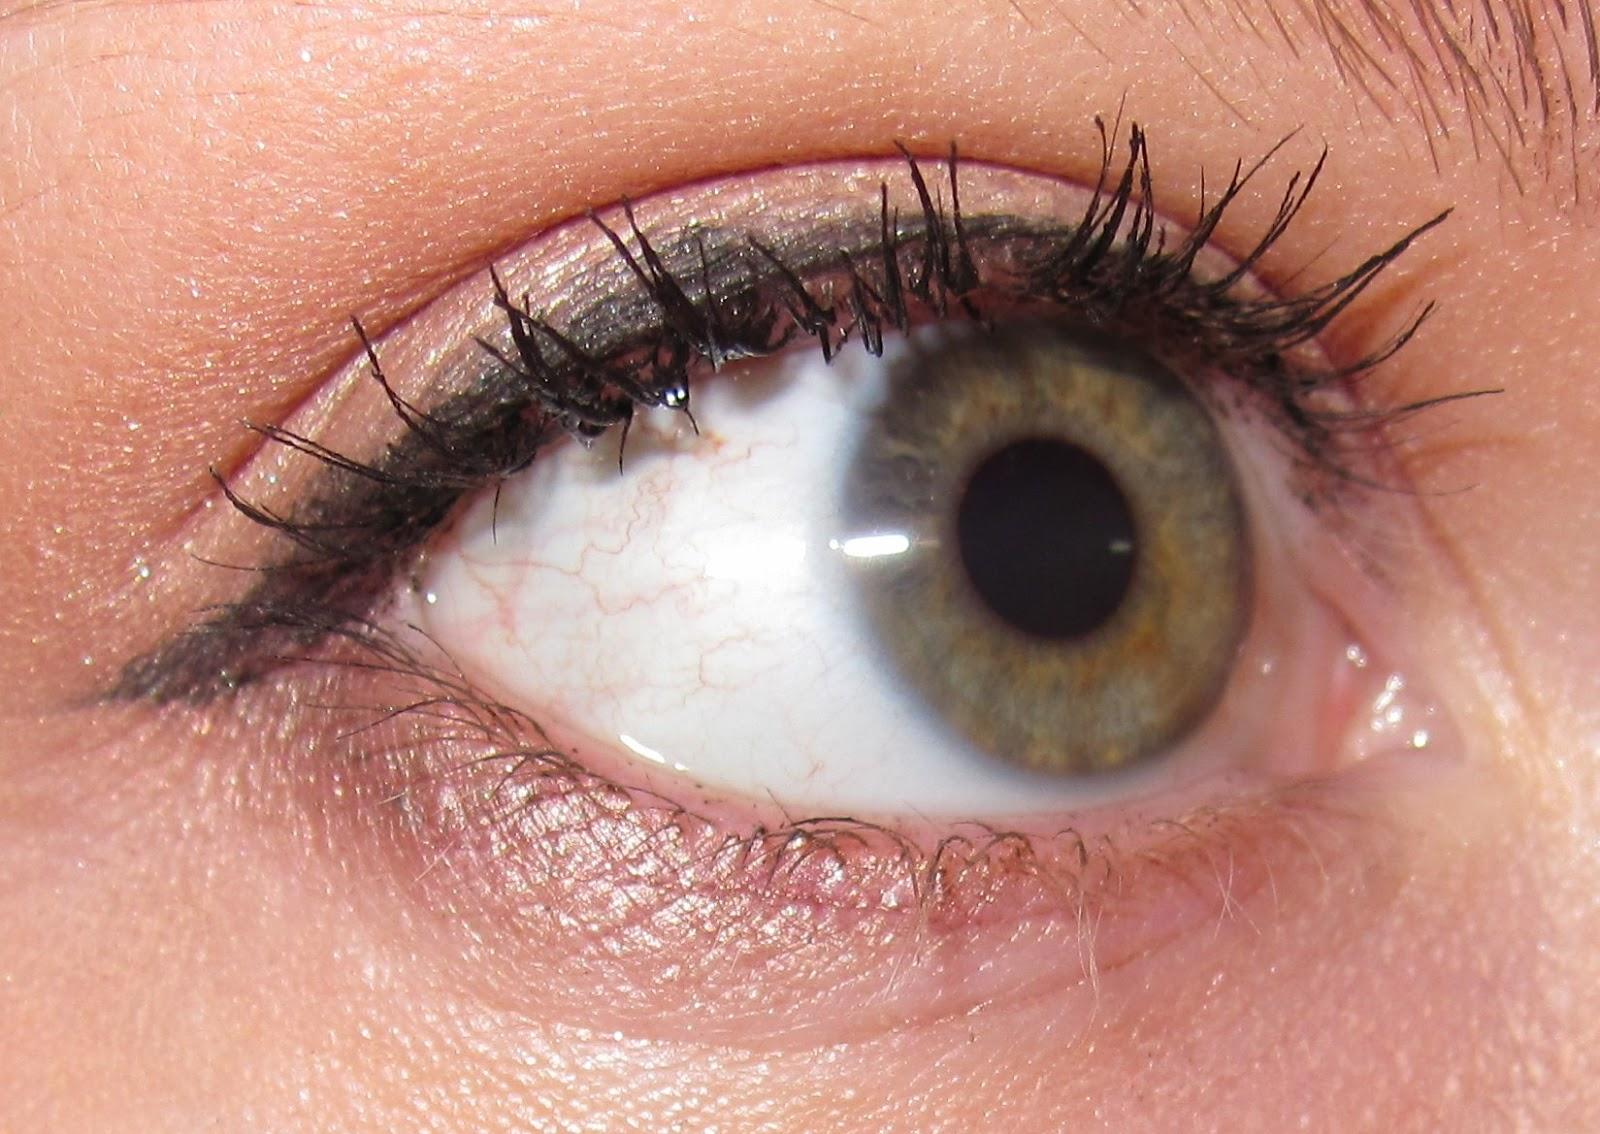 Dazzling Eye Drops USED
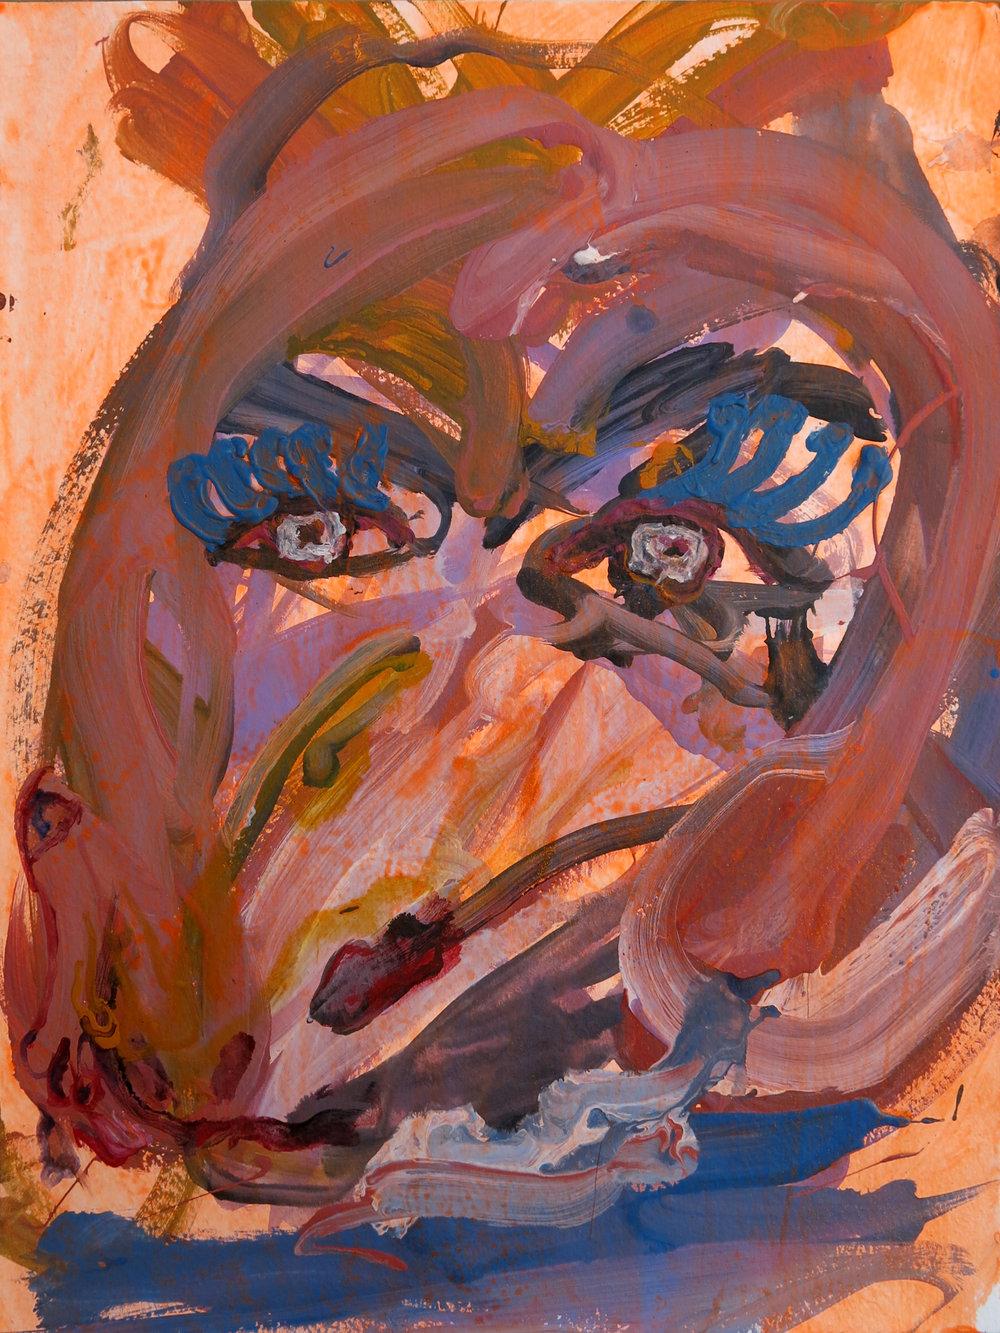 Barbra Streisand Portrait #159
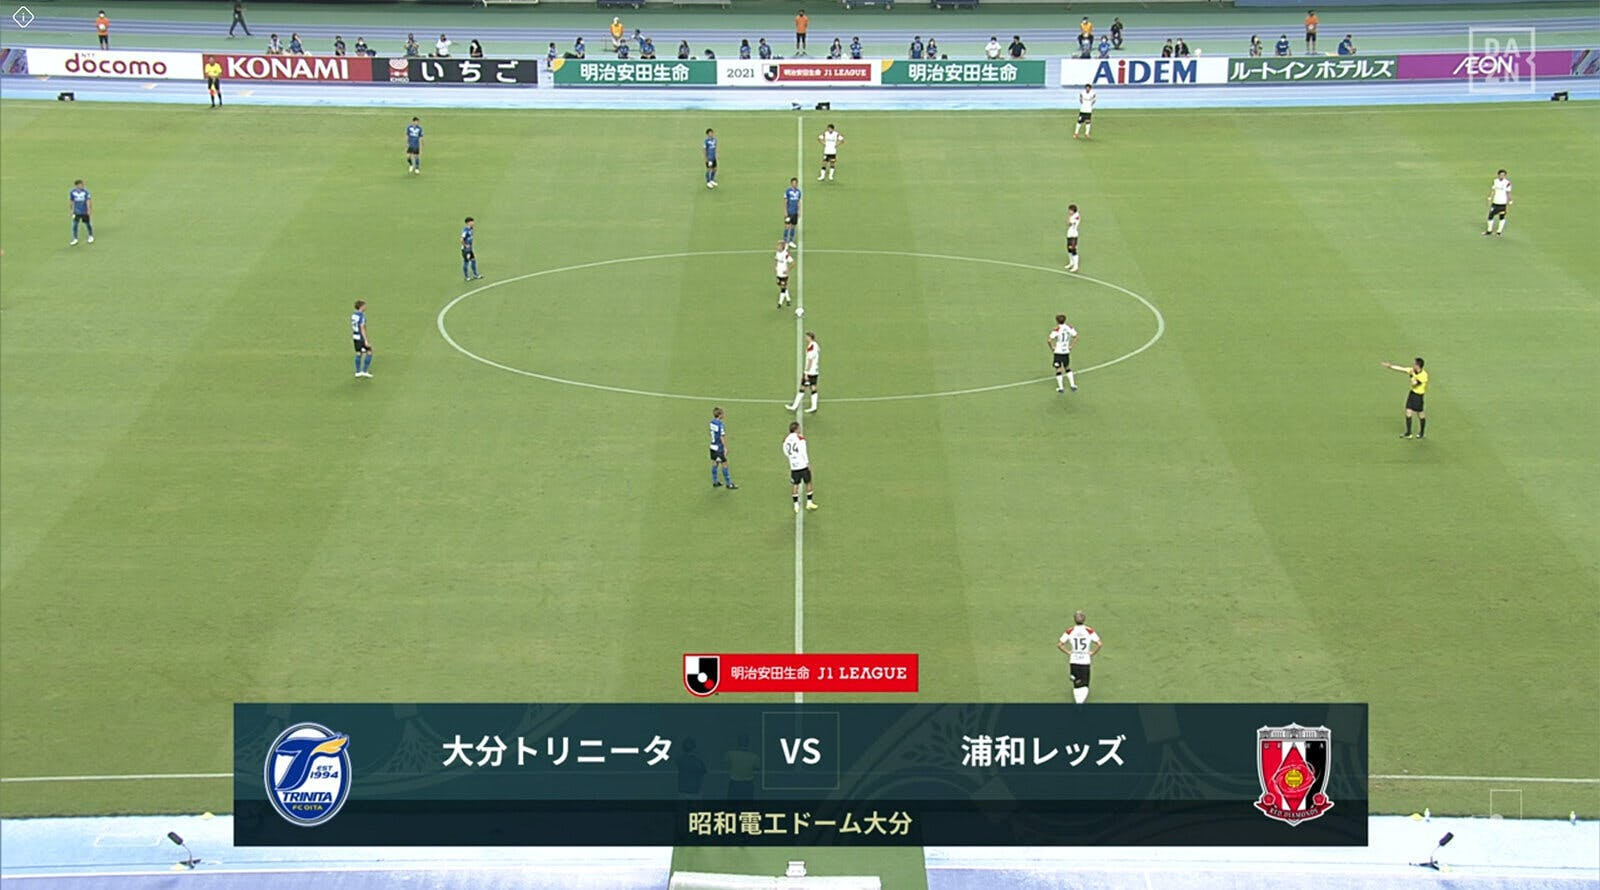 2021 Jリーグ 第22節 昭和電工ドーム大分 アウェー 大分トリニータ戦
:::
— Exercise objective —
Set down the material word for word, and drop every picture from it.

— Solution for this task —
 Dazzling Eye Drops USED
 Barbra Streisand Portrait #159
 2021 Jリーグ 第22節 昭和電工ドーム大分 アウェー 大分トリニータ戦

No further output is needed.